Some of these people are able to get back on the track to sobriety, while others never do. Then there are those who get sober and manage to avoid relapse altogether.
I fall into the latter of those categories, having gotten sober at age 20 and remaining sober the three years since. However, I know this means nothing in the long run. I am just as susceptible to relapse as everyone else walking this journey.
In my three years of sobriety, I have had some close calls when it came to the choice to remain sober. Here’s what happened in those instances and how I ultimately chose not to pick up a drink.

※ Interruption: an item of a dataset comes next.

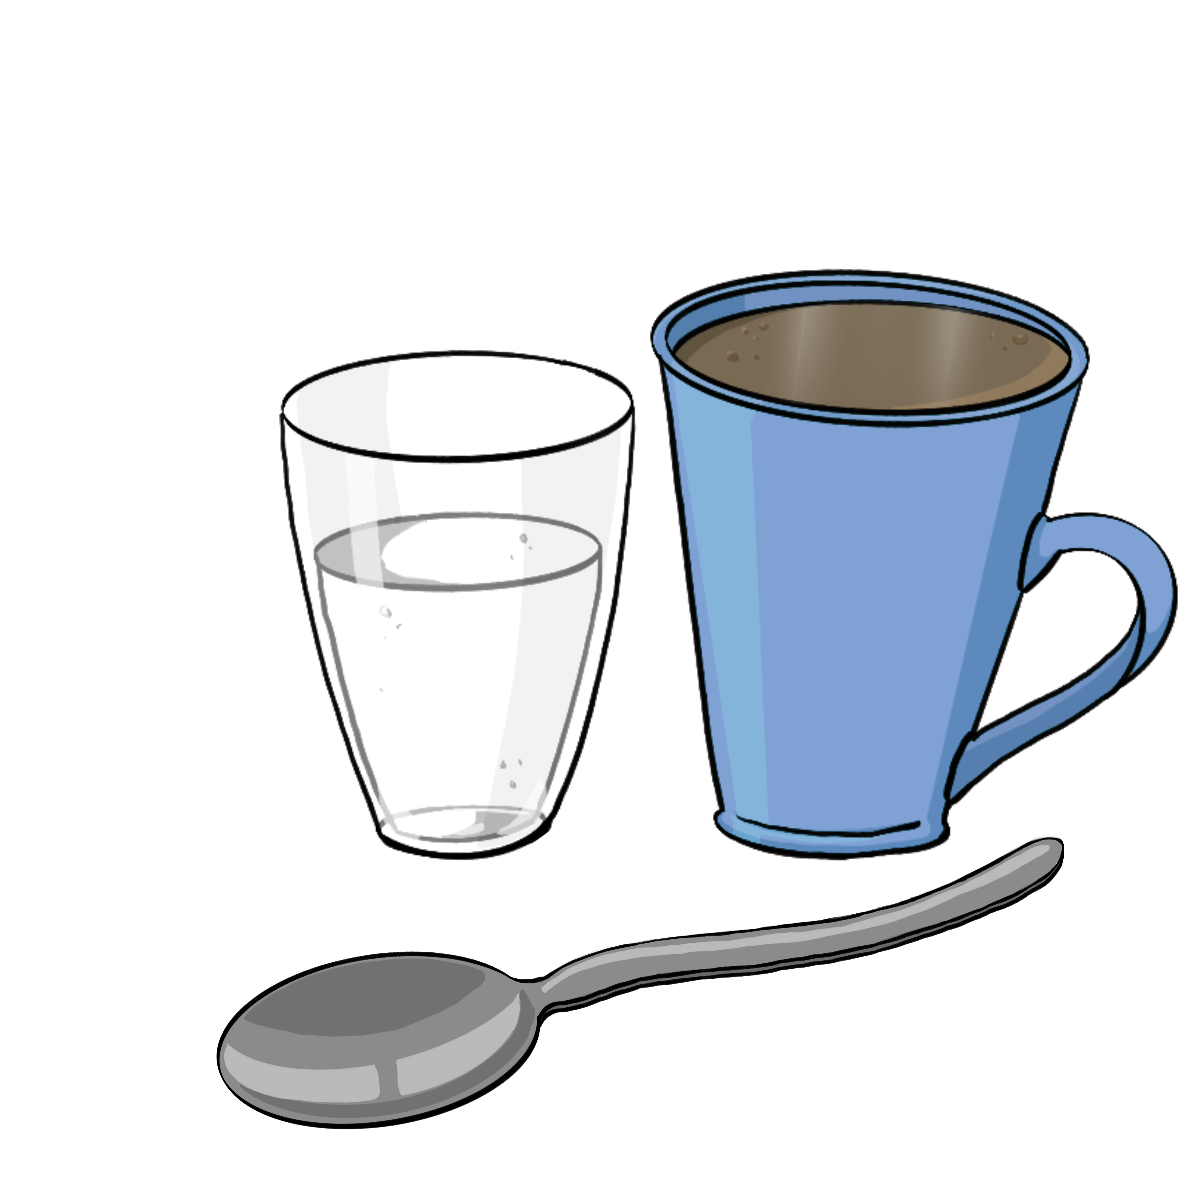 Ein Glas Wasser, eine Tasse mit dunklem Kaffee und ein Löffel.

Remaining sober when my heart was broken:
Heartbreak is hard enough to handle when you cannot drink the hurt away. Being sober and not being able to numb your feelings brings a whole other element of difficulty to it. When I was a little over a year and a half sober, I met a guy who was also sober. I fell head over heels for him very quickly, and everything was going well for a few weeks. Then he began acting strangely, not answering my texts or calls. Eventually, his behavior led to a relapse and he wanted nothing to do with me or my sober lifestyle. I was devastated and didn’t know how to even begin to make sense of the way I was feeling. I wanted so badly to say “screw it,” pick up a drink and drink myself into oblivion for a few hours. But when it came down to it, I knew drinking wouldn’t make the situation any more bearable. I may have been able to forget for a few hours, but I would have woken up hurting just as much as I had the day before. So I rode out the pain without drinking, and eventually it subsided. It always does.

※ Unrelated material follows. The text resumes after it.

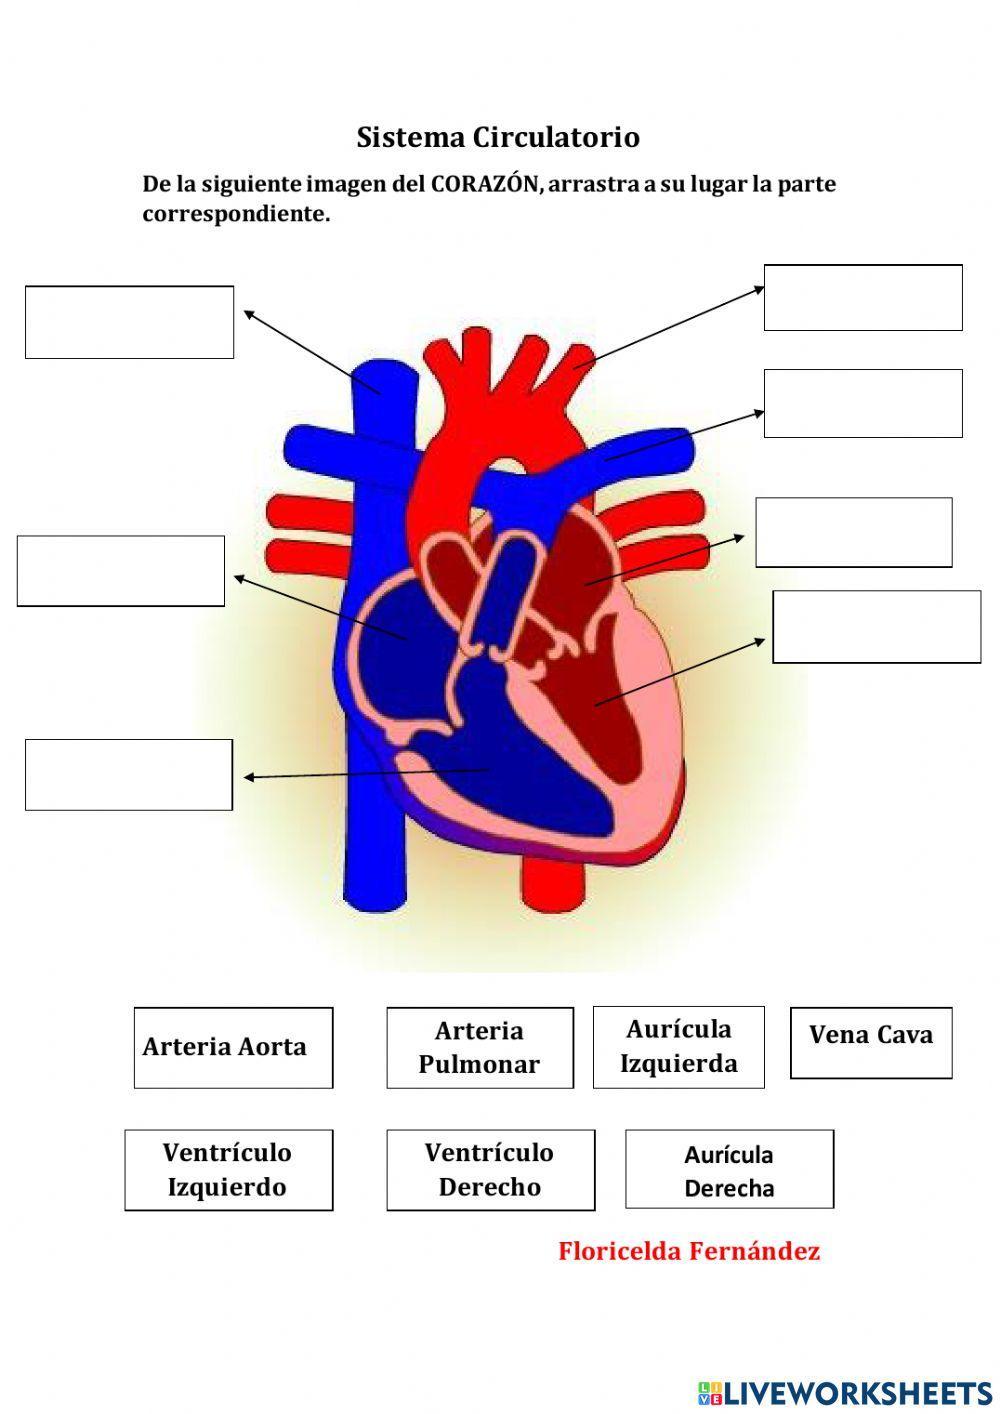 El Sistema Circulatorio. (Partes del Corazón)

Remaining sober when in the college atmosphere:
Since I got sober at age 20, that means I spend my junior and senior year sober while basically everyone around me went to bars and parties and drank. I chose to continue spending time with my friends who drank in moderation, meaning I had to learn how to be OK with being around alcohol while not consuming it. Sometimes this was easy, and other times it was insanely difficult. On those days where I found it difficult or tempting, I simply removed myself from the situation. There’s nothing wrong with saying, “I can’t be here right now,” and going home to spend time alone. Often I found that when I removed myself from the problematic situation, the desire to drink was lifted.

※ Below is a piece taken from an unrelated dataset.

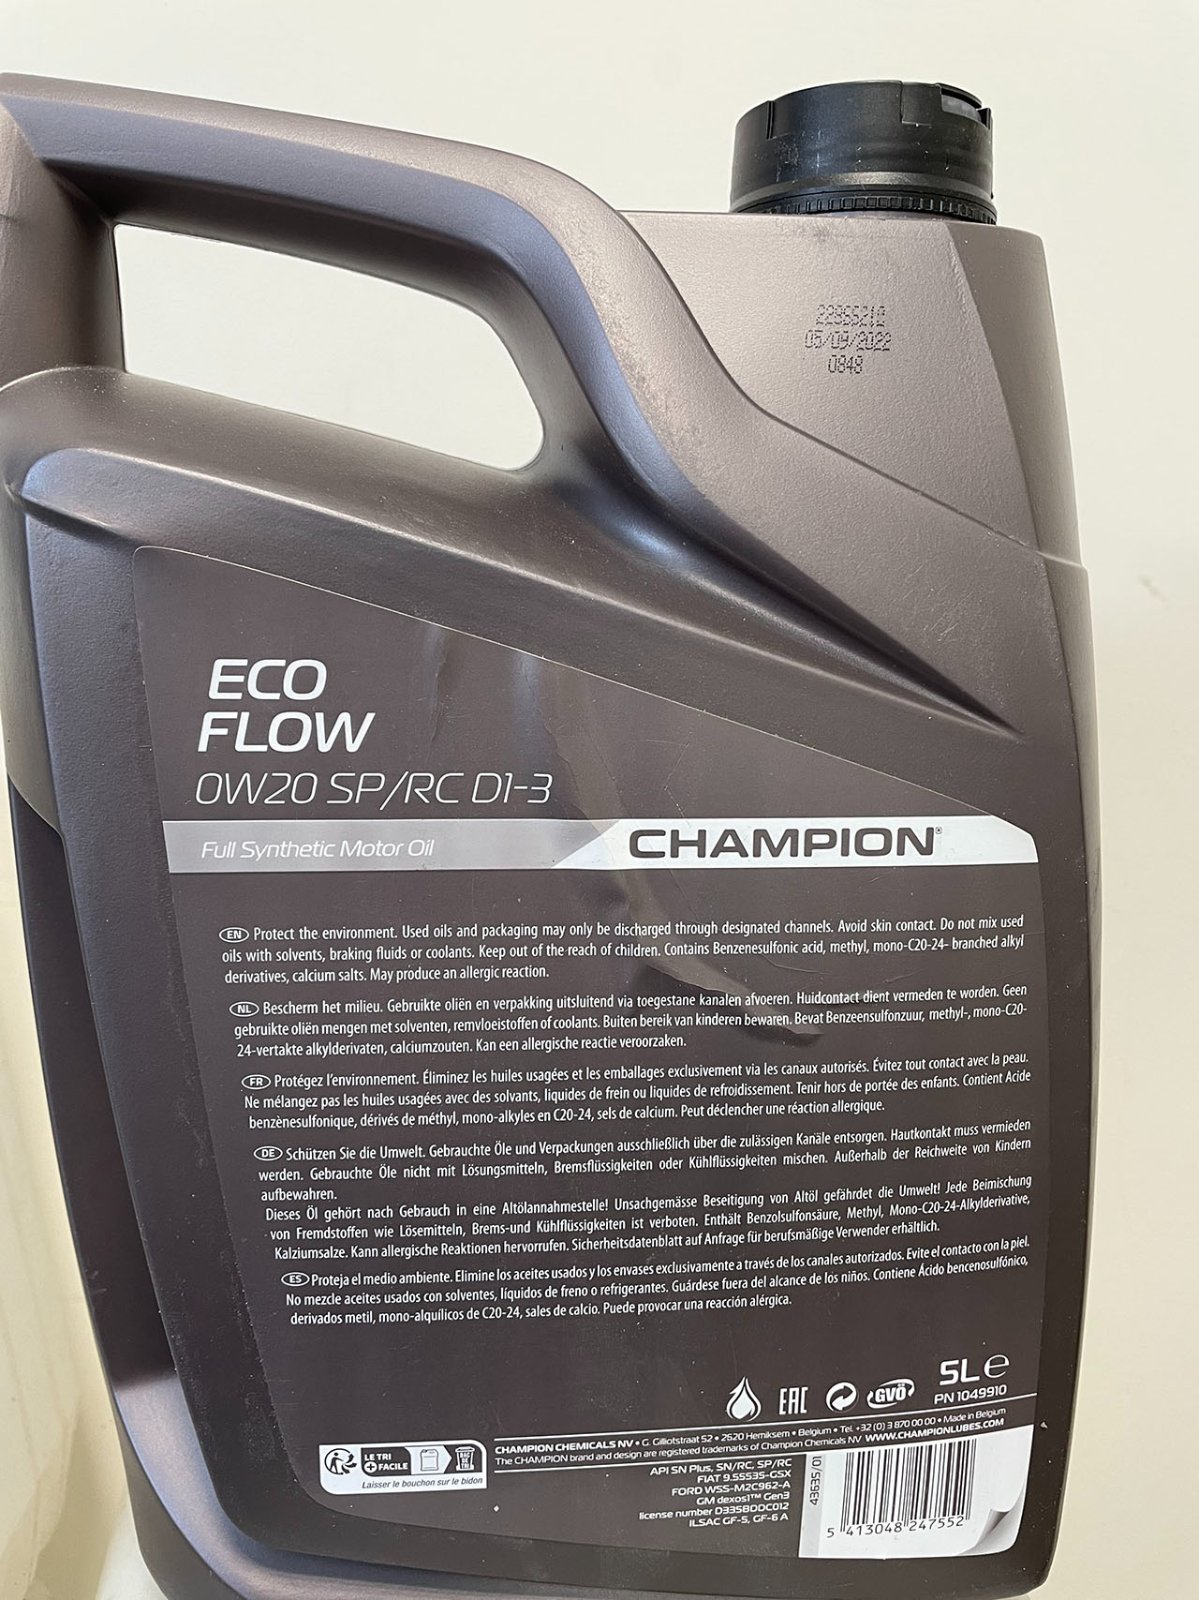 Eco flow

Remaining sober on vacation:
I’ll admit, there have been days when I was laying by the pool or ocean in ninety degrees weather, reading a book and thinking the only thing that would make the situation even better would be a cold drink. I vividly remember feeling this way in Florida when I was at a hotel with a poolside bar. It would have been so easy to drink, but instead, I ordered a virgin drink (which was just as good, if not better, than the real thing). So many people treat vacations as a way to let loose, going out and drinking every night, or even all day. When it comes to remaining sober on vacation, I continually remind myself that I will wake up with no hangover, ready to embrace whatever the next day has to offer. I will remember every moment of the trip, wherever I may be. I will have clear, intact memories, which is more than I could say if I picked up a drink.
Remaining sober while dating:
There’s no way around it — first dates while sober are awkward. Getting coffee just isn’t the same as getting drinks. Without alcohol, it’s harder to loosen up and ignore the nerves involved in dating. However, going on first dates sober sets the tone for the rest of the relationship because you know you are being your true self. This helps the other person gain an understanding of who you are and what to expect from you in the future, should you continue seeing one another. On my first date with my partner of one and half years, I was honest right away. I told him I no longer drink because I had too many issues in the past. Rather than pass judgment, he respected my decision and continues to do so.
Remaining sober during celebrations:
This is when I most often have pity parties for myself. At weddings, parties, etc., I often wonder “Why me?” I find myself falling into negative thinking, wishing I could drink in moderation like most people around me. I so often want to let a little loose, but for me, I know that would be disastrous. It would lead to drinking too much and feeling miserable. So in these moments, I remind myself that a few hours of “fun” isn’t worth the ultimate cost. In circumstances like this, I am usually the only one who cares if I am drinking or not, which I have to remind myself of. People enjoy my presence more when I am sober than when I am drinking, and that is vital to keep in mind in order to stay sober.
Everyone is different, and so are their methods for maintaining sobriety. However, this is what I have found works for me in these situations, and I hope it can aid someone else in their journey.